Komplotan Pengedar Sabu di Kota Tasikmalaya Terapkan Sistem Rental
KABARPRIANGAN.CO.ID | 13/09/2018 13:10
Komplotan Pengedar Sabu di Kota Tasikmalaya Terapkan Sistem Rental

TAWANG, (KAPOL).- Badan Narkotika Nasional (BNN) Kota Tasikmalaya mengamankan empat pelaku yang diduga pengedar dan pengguna narkoba jenis sabu-sabu, bulan lalu.

Penangkapan para pelaku tersebut didapat setelah mengumpulkan informasi dan saat melakukan penggerebegan, mereka kedapatan sedang melakukan pesta narkoba.  Hasilnya, empat orang yang diduga pengedar dan pemakai barang haram tersebut diamankan aparat.

Keempatnya diamankan aparat dari BNN Kota Tasikmalaya di Kawasan Jalan Tentara Pelajar Kecamatan Cihideung Kota Tasikmalaya.

BACA JUGA:

Dari tangan para tersangka, turut diamankan sejumlah barang bukti berupa uang tunai senilai Rp. 23 juta, sabu–sabu seberat 2,8 gram, alat hisap sabu, ganja kering 1,45 gram, dan beberapa telepon genggam.

Keempat orang tersangka yang berinisial YG (34), EB (44), YD (55), dan RZ (34) merupakan warga Kota Tasikmalaya.
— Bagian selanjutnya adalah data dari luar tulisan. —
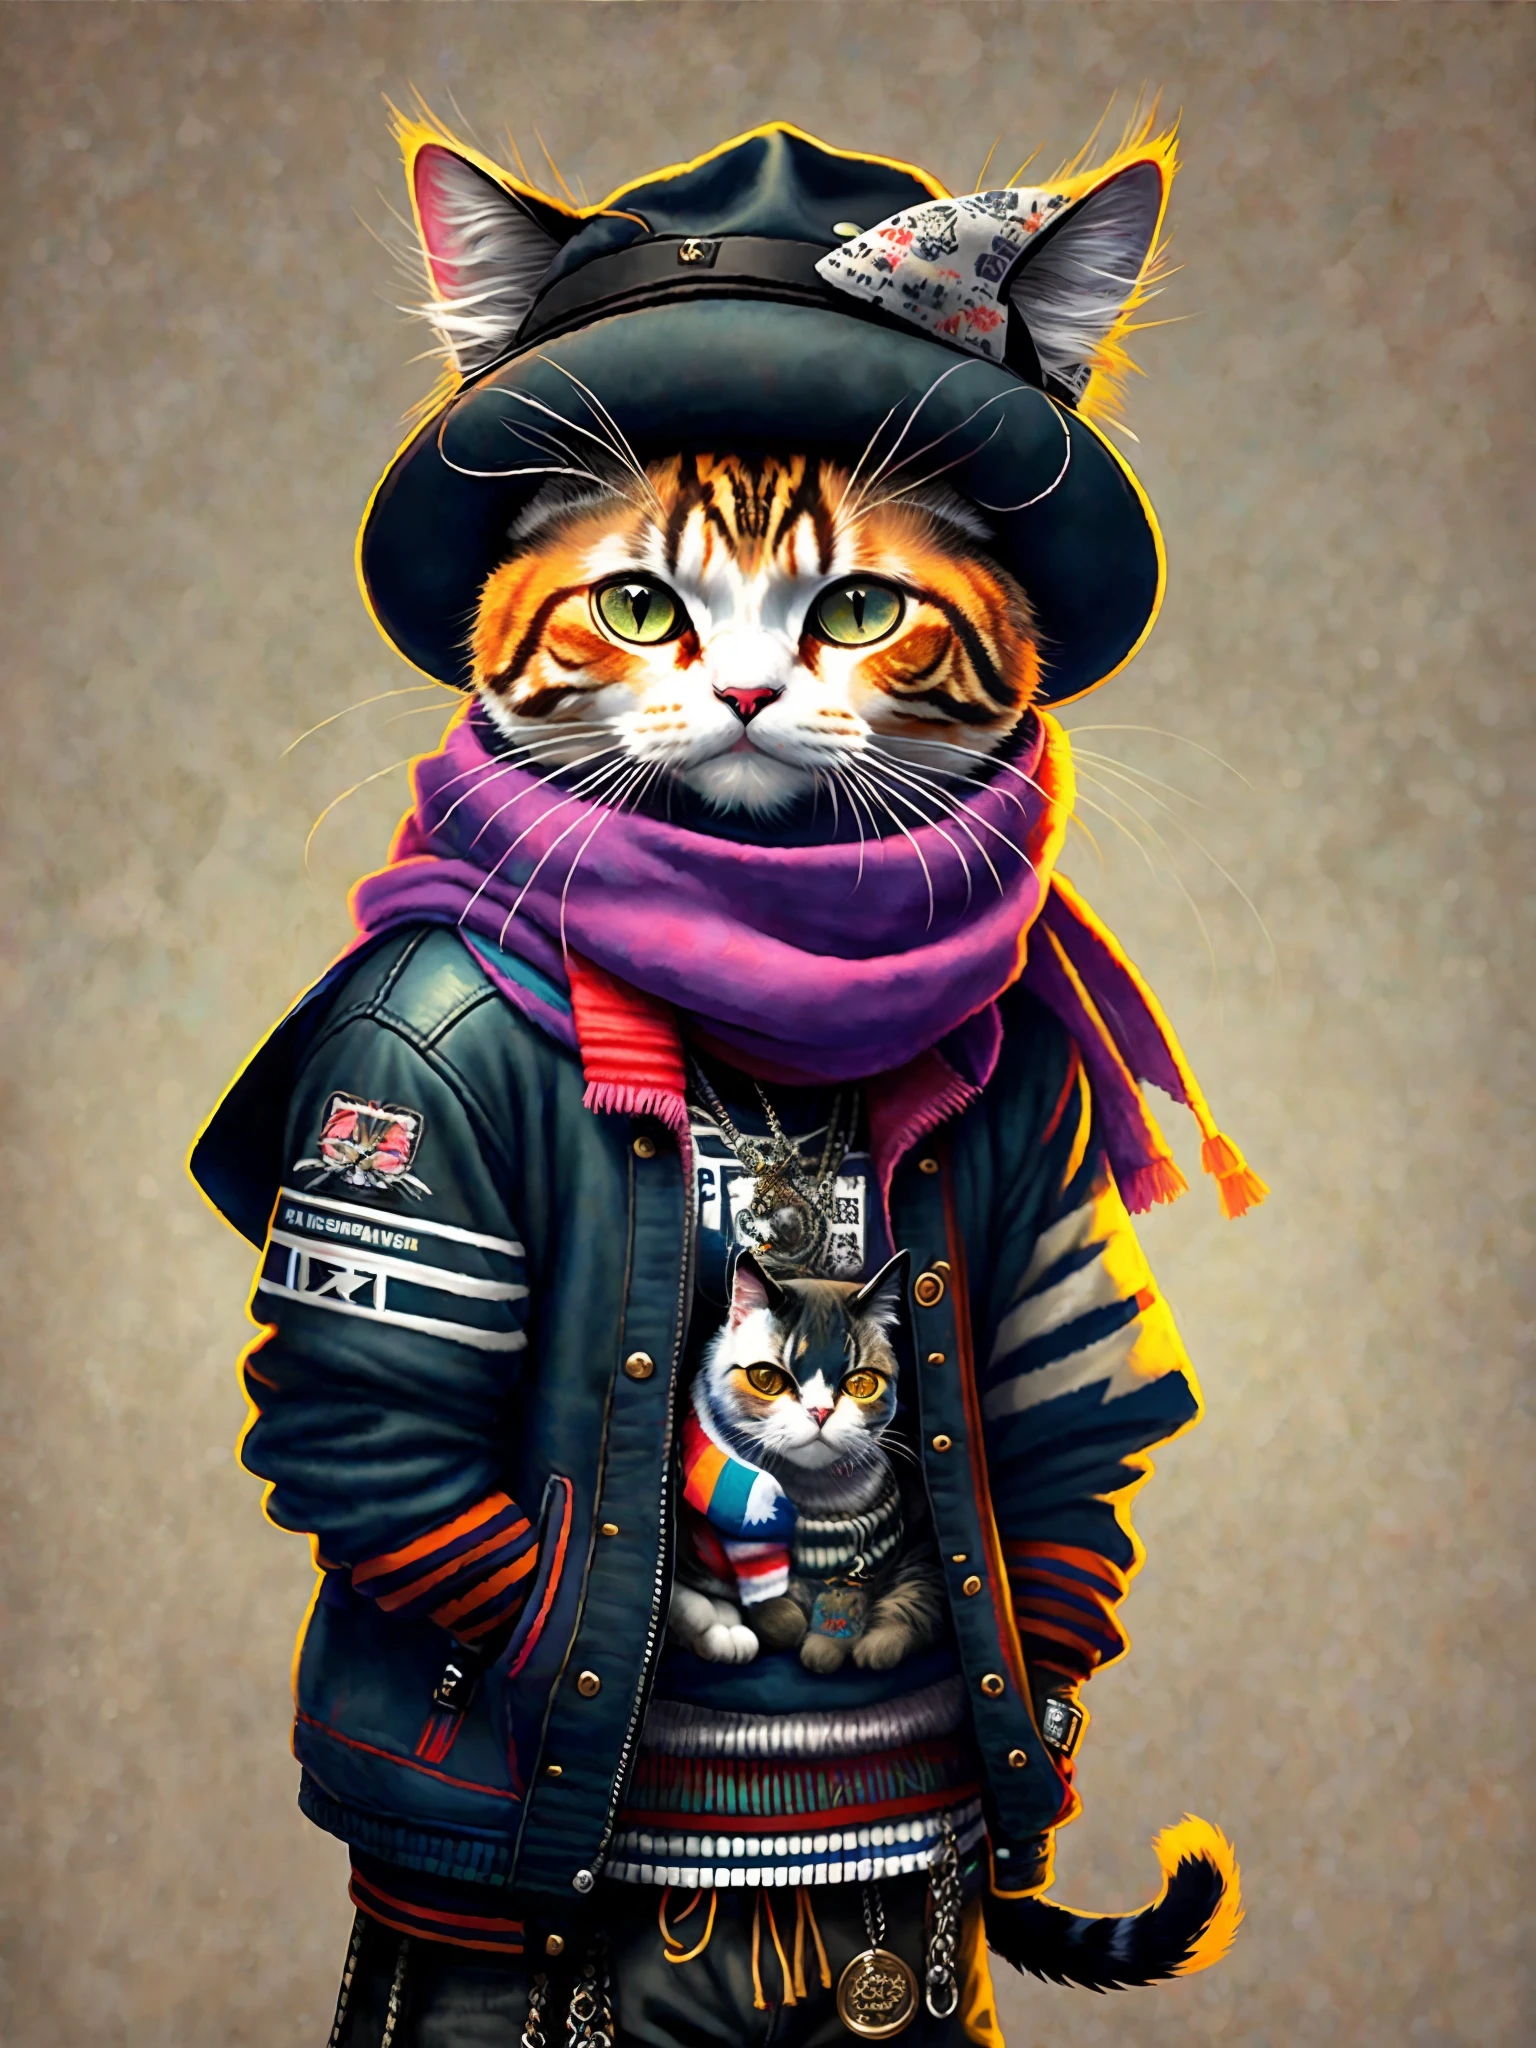 un cuadro de un gato con sombrero y bufanda, tendencia en la estación de arte, vestido con ropa punk, representación hiperrealista detallada, british gang member, estilo callejero, pose intimidante, planeta de los gatos, ropa con moda, samurai urbano, meow, Características eslavas occidentales, 8 1 5

Menurut Kepala BNN Kota Tasikmalaya, Tuteng Budiman saat gelar perkara menyebutkan, modus yang digunakan kali ini adalah modus baru. Dimana pelaku menyediakan tempatnya seperti sistem rental dengan tarif Rp. 100.000,00 untuk satu kali menikmati.

“Dengan mengeluarkan uang Rp. 100.000 itu, para pengguna bisa menikmati sabu untuk satu sampai lima kali hisap. Dan ternyata, saat ini di Kota Tasikmalaya peminatnya sudah banyak,” kata Tuteng saat gelar perkara di Kantor BNN Kota Tasikmalaya, Senin (10/9/2018).
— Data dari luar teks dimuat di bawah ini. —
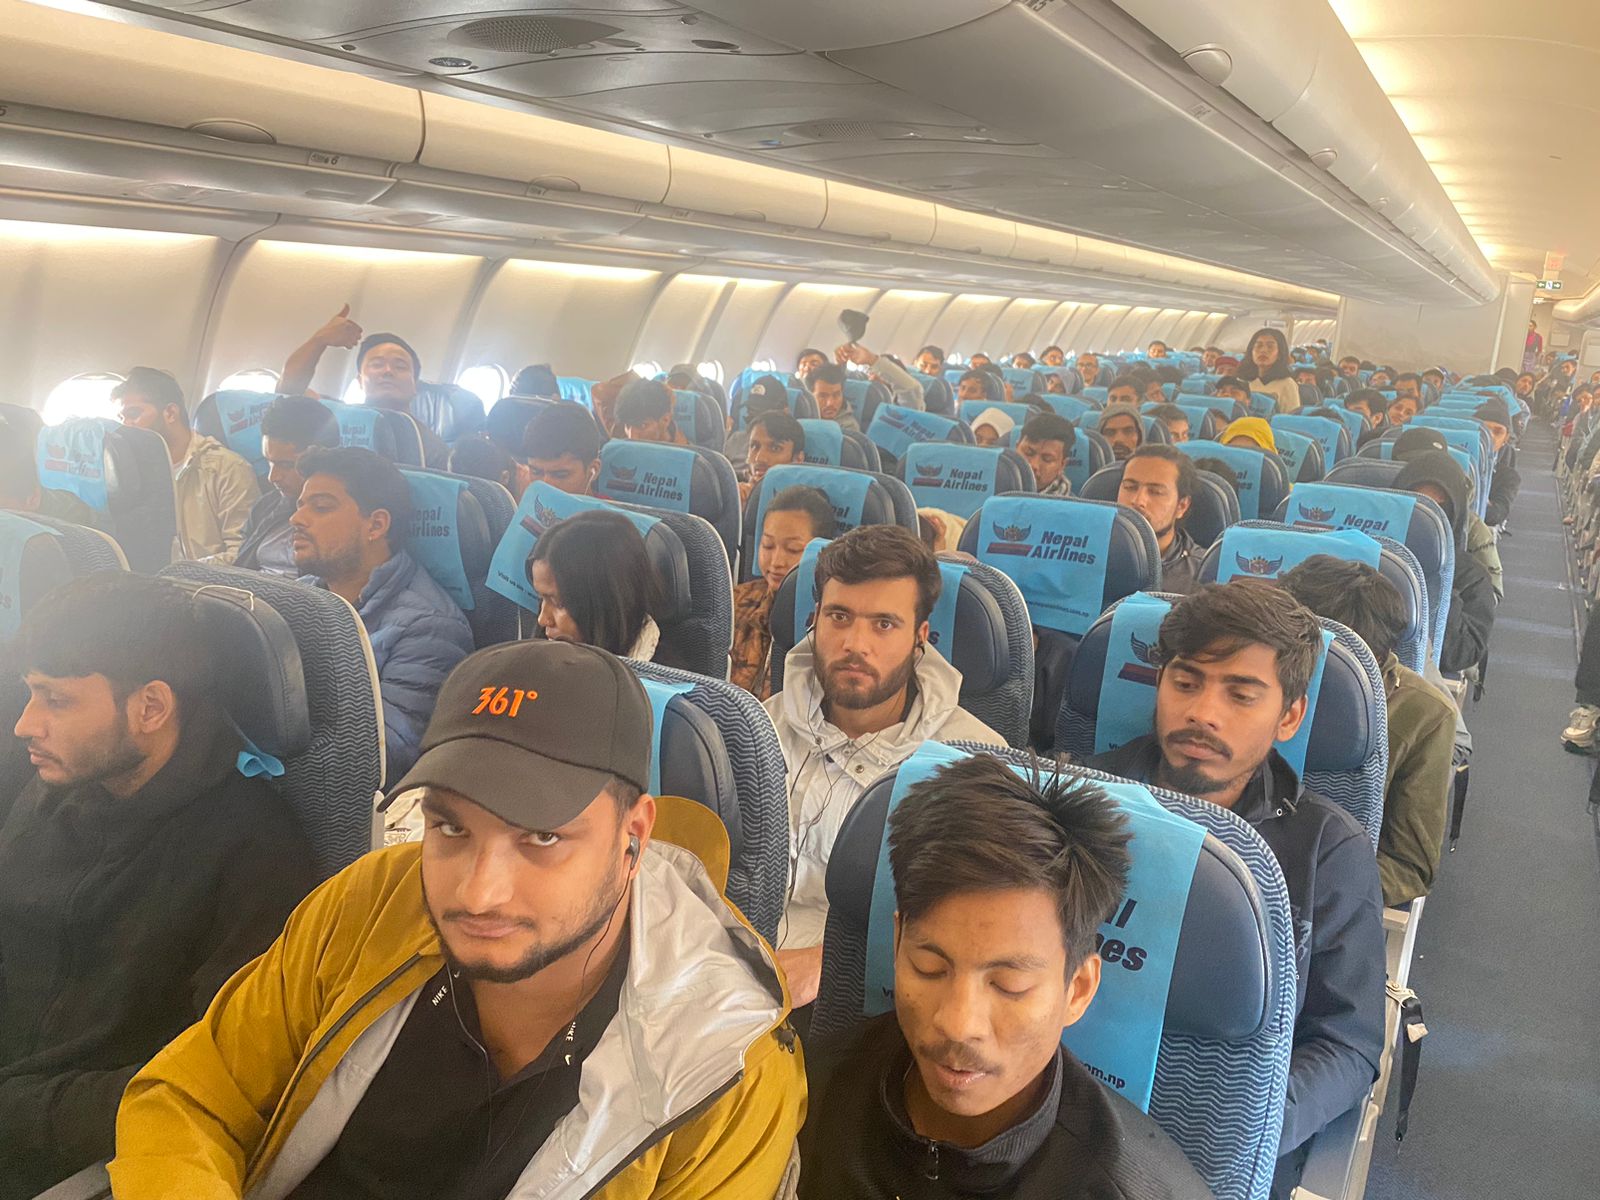 इजरायलबाट २५३ जना नेपाली नागरिक लिएर काठमाडौंको लागि उड्यो विमान ( फोटो फिचर )

Kini keempat tersangka tersebut akan dijerat pasal 114 (1) sub 112 (1) jo 132 (1) UURI No. 35 tahun 2009, tentang narkotika. Dengan ancaman hukuman seumur hidup, atau paling singkat lima tahun penjara.

Sementara Walikota Tasikmalaya, Budi Budiman mengatakan, BNN Kota Tasikmalaya juga dalam gelar perkara tersebut mengaku berhasil menggagalkan transaksi sabu di Tasikmalaya.
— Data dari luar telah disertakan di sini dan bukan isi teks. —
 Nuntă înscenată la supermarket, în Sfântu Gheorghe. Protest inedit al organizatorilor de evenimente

Bahkan, BNN Kota Tasikmalaya juga berhasil menangkap dua orang yang diduga menjadi pengedar.

Dari tangan tersangka, aparat menyita barang bukti sabu seberat 0,85 gram, sejumlah uang tunai, serta beberapa handphone. Penggagalan transaksi narkoba itu berlangsung Senin, (10/9/2018) di Kawasan Argasari Kota Tasikmalaya.

“Kedua tersangka kita amankan di salah satu Pos Satpam yang berada di sekitar Kawasan Argasari,” kata budi dalam keterangan persnya di Kantor BNN Kota Tasikmalaya.

BACA JUGA: Bawaslu Kab. Tasik Sebut Ada 8.862 DPT yang Diindikasi Ganda

Mulanya, penangkapan itu berawal dari informasi masyarakat yang menyebutkan adanya transaksi narkoba di wilayah Argasari. Dua orang warga Cempaka Warna Kecamatan Cihideung Kota Tasikmalaya yang berinisial SS (22) dan HH (43) itu diamankan saat sedang menunggu pembeli di wilayah tersebut.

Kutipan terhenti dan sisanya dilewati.